Roversi è quindi uno straordinario descrittore della realtà contemporanea. Una descrizione in cui il dolore, la commozione non sono enunciati, ma parlano da soli, vengono espressi da una serie di voci che ci colpiscono. E in cui sperimentalismo e realismo hanno trovato una sintesi che fa pensare alle vecchie avanguardie. Negli ultimi anni della sua vita Roversi ha lavorato a una gigantesca opera, L’Italia sepolta sotto la neve, che ha pubblicato a pezzi, man mano che la scriveva, su riviste anche molto piccole e a volte di scarsa tiratura, dimostrandosi fedele alla sua tendenza alla marginalità. Marginalità che non gli impedisce di avere un ruolo centrale. Si tratta di un’opera che aspetta ancora un editore.
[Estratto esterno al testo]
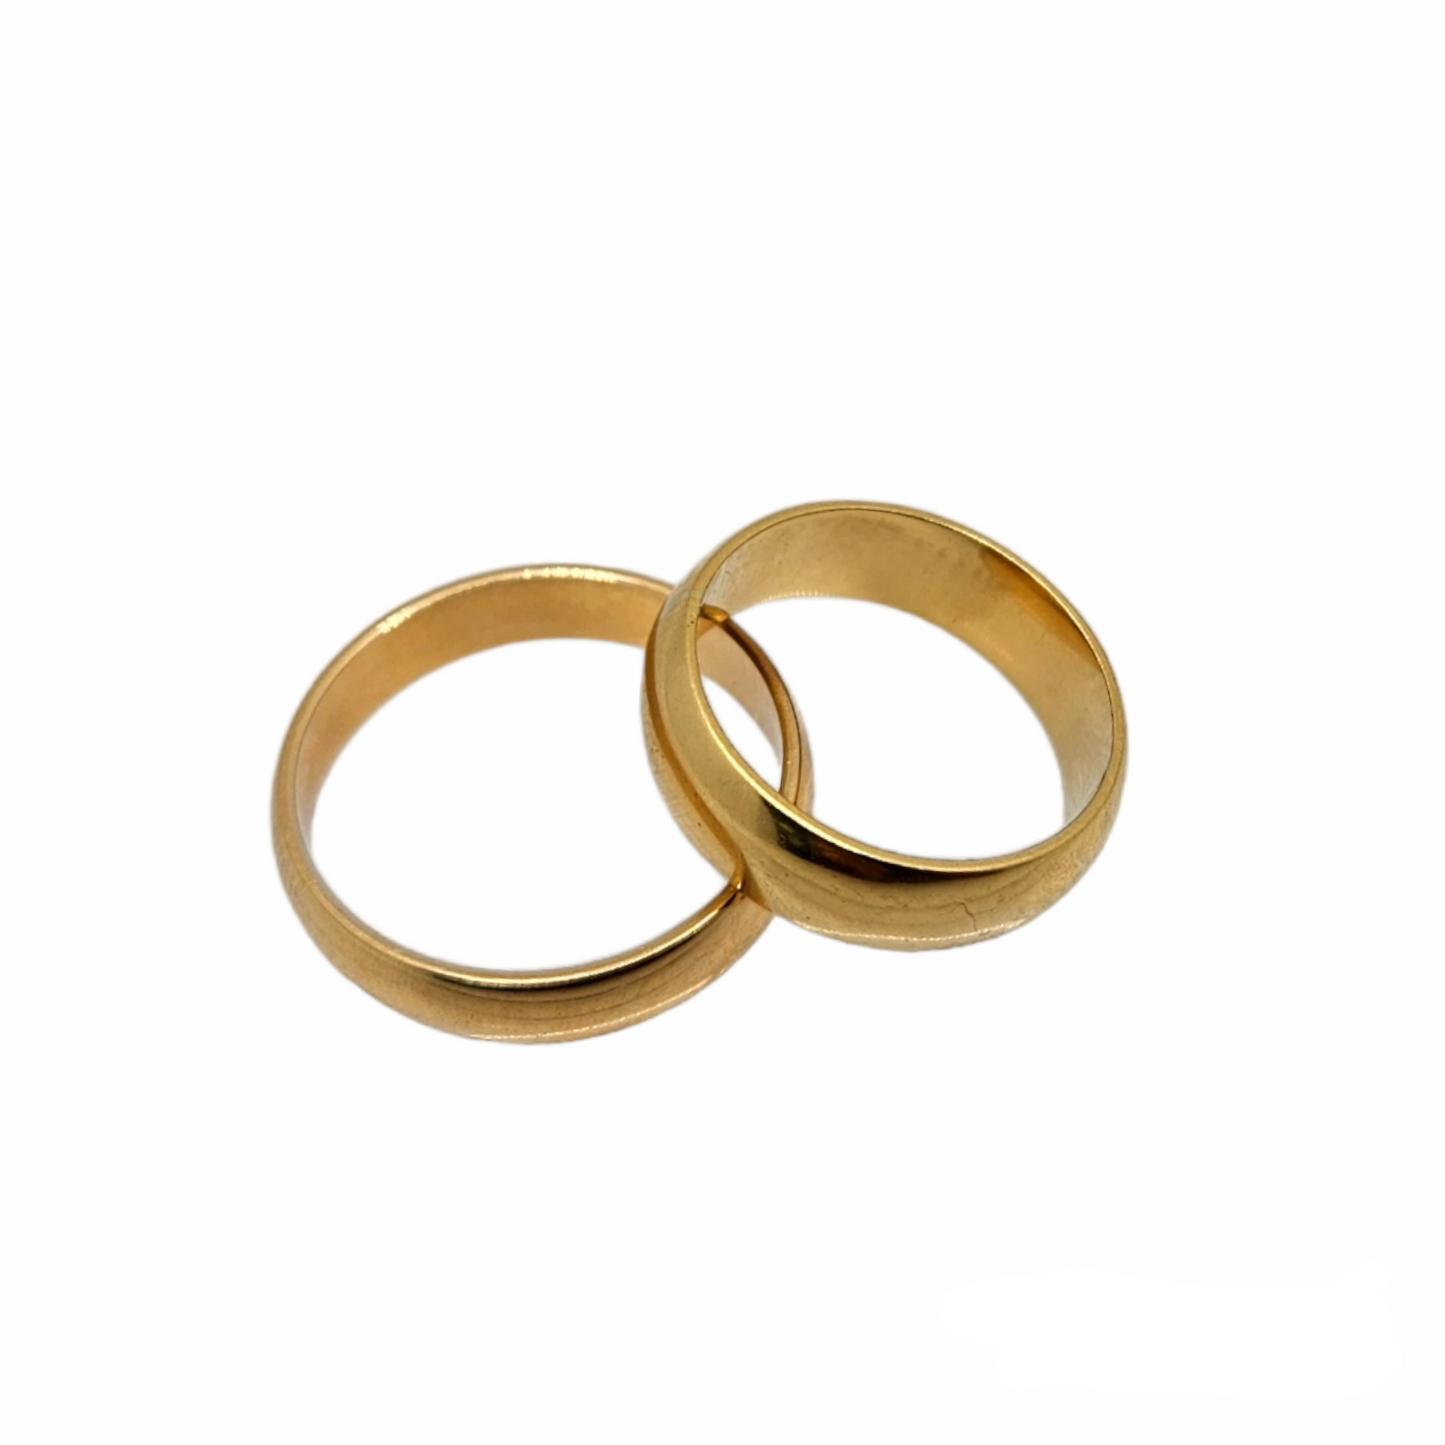 Couple Plain wedding rings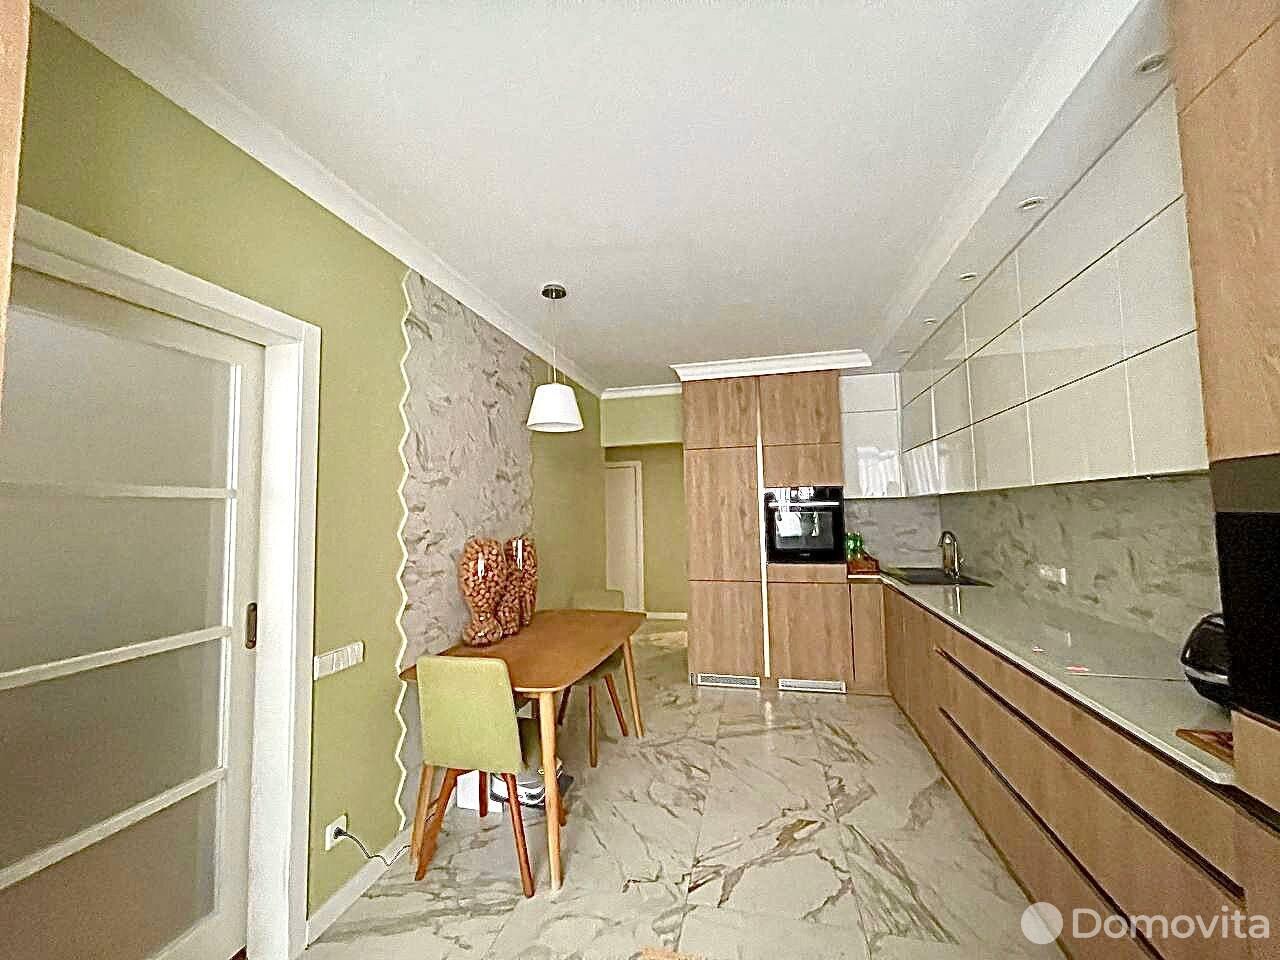 квартира, Минск, ул. Максима Богдановича, д. 140, стоимость продажи 627 373 р.

Roversi mi disse per telefono di averne stampate 32 copie; ci fu poi una ristampa di 20 copie, della quale, come testimonianza di una lunga frequentazione e di una grande sintonia, ho la fortuna di possedere un esemplare. E’ un immenso affresco che divaga in tutti gli aspetti dell’Italia contemporanea. Un’opera civile e visionaria insieme, che non interpreta ma mostra. Forse l’opera più complessa, appassionata, totalizzante dell’Italia contemporanea, un’opera sterminata. E nello stesso tempo un libro in cui il linguaggio dilaga implode a volte impazzisce. Un’opera in cui si sprofonda, un po’ come succede a chi legge i Canti pisani. Un libro civile come lo fu la Divina Commedia.